**Task instructions:**
For every line in the material, output its text exactly and exclude any image it holds.

**Data provided:**

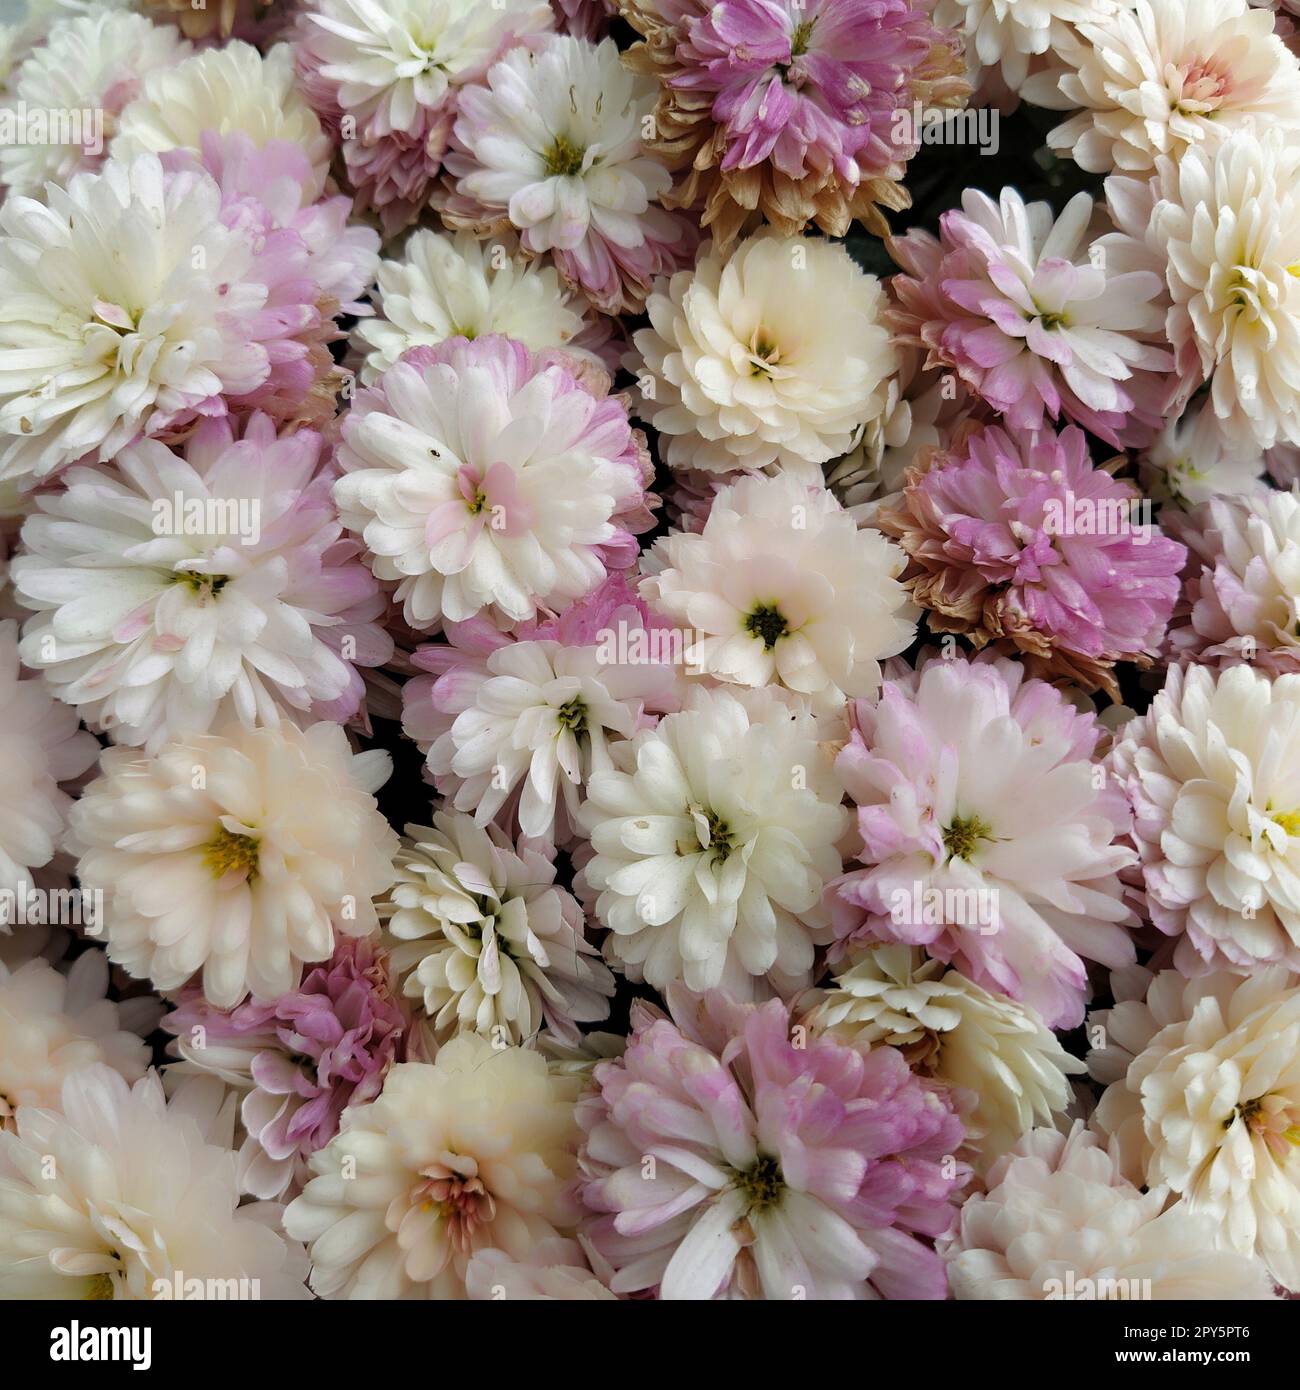 Flowers wall background with amazing white, pink, purple and yellow chrysanthemum flowers. Wedding decoration.  Beautiful flower bad wall background. Landscape design of the autumn garden. Stock Photo
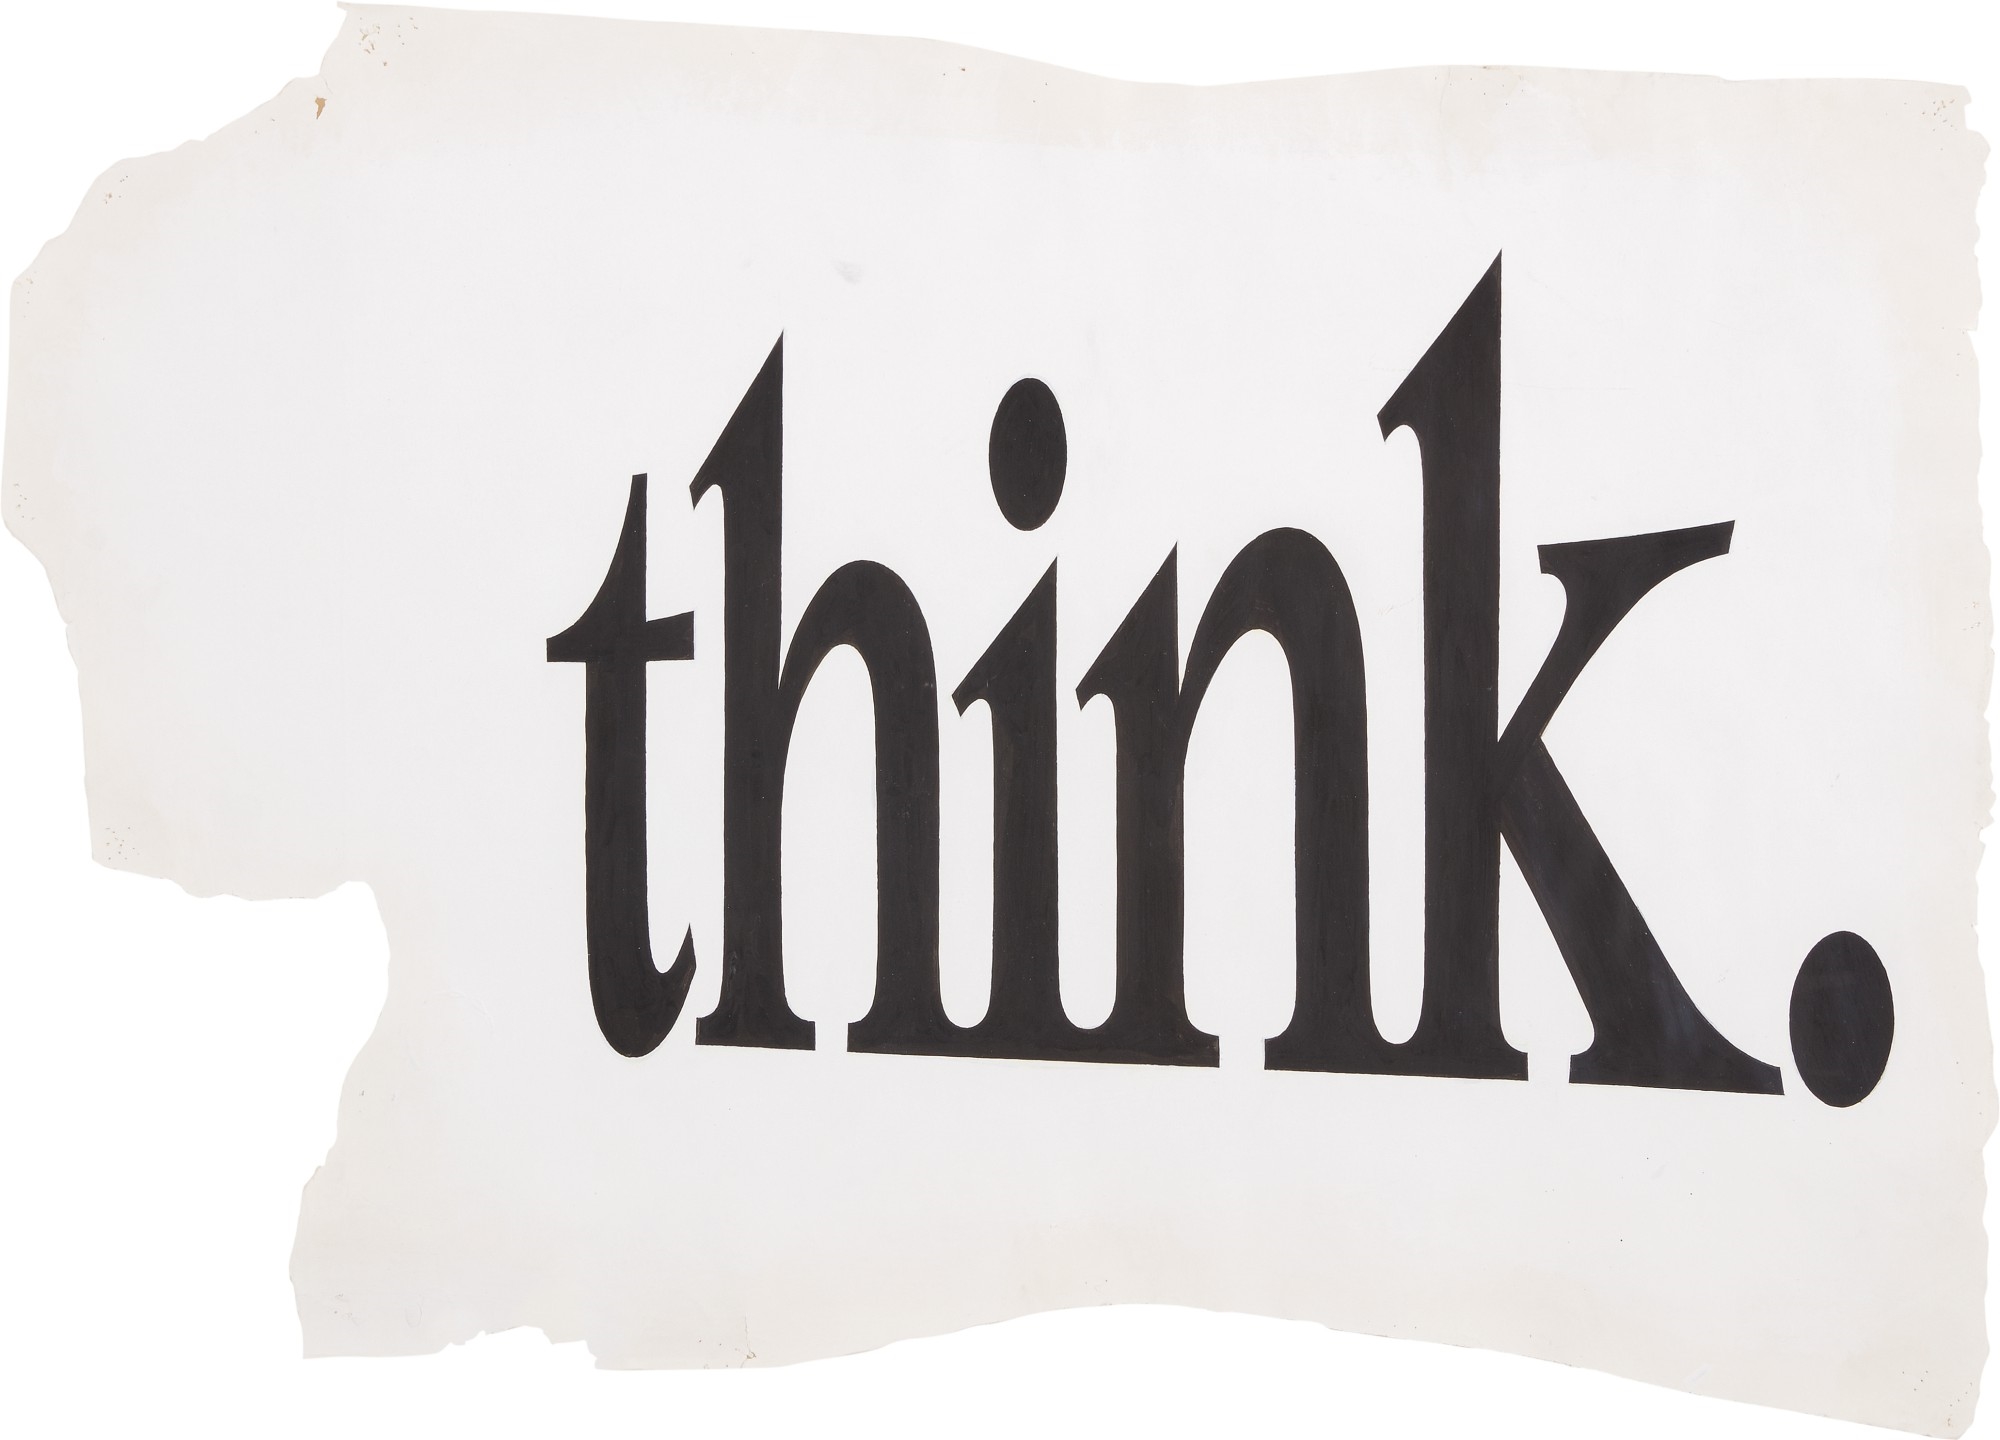 Think by Ricci Albenda, Executed in 1996
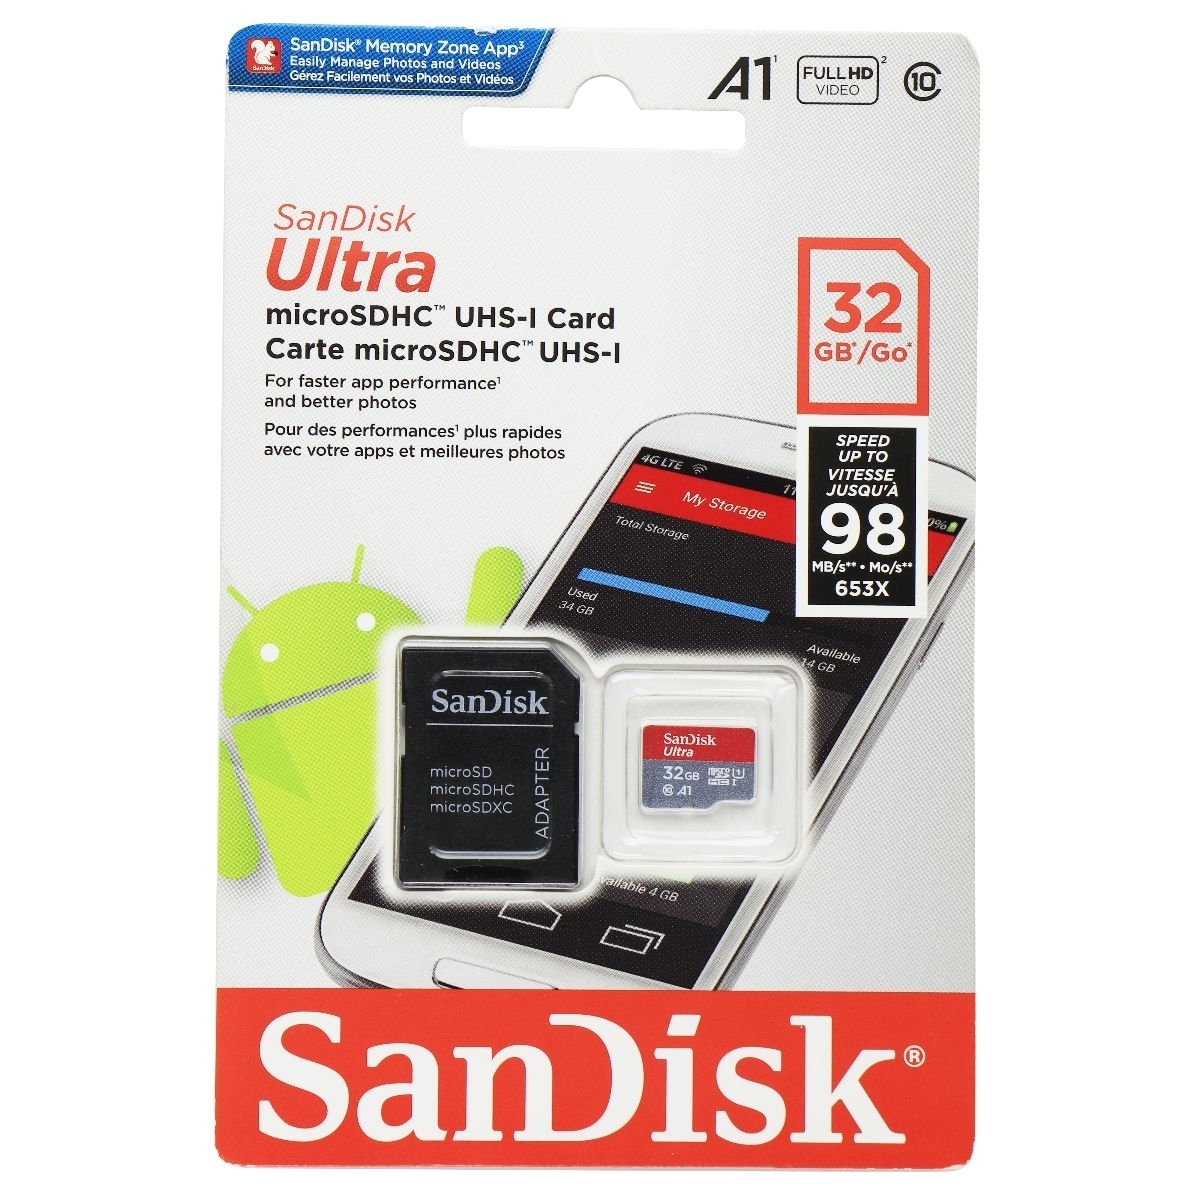 SanDisk Ultra MicroSDHC UHS-1 Card And Adapter (32GB) Class 10 A1 (Refurbished)

**Solution:**
 Flowers wall background with amazing white, pink, purple and yellow chrysanthemum flowers. Wedding decoration.  Beautiful flower bad wall background. Landscape design of the autumn garden. Stock Photo
 Think by Ricci Albenda, Executed in 1996
 SanDisk Ultra MicroSDHC UHS-1 Card And Adapter (32GB) Class 10 A1 (Refurbished)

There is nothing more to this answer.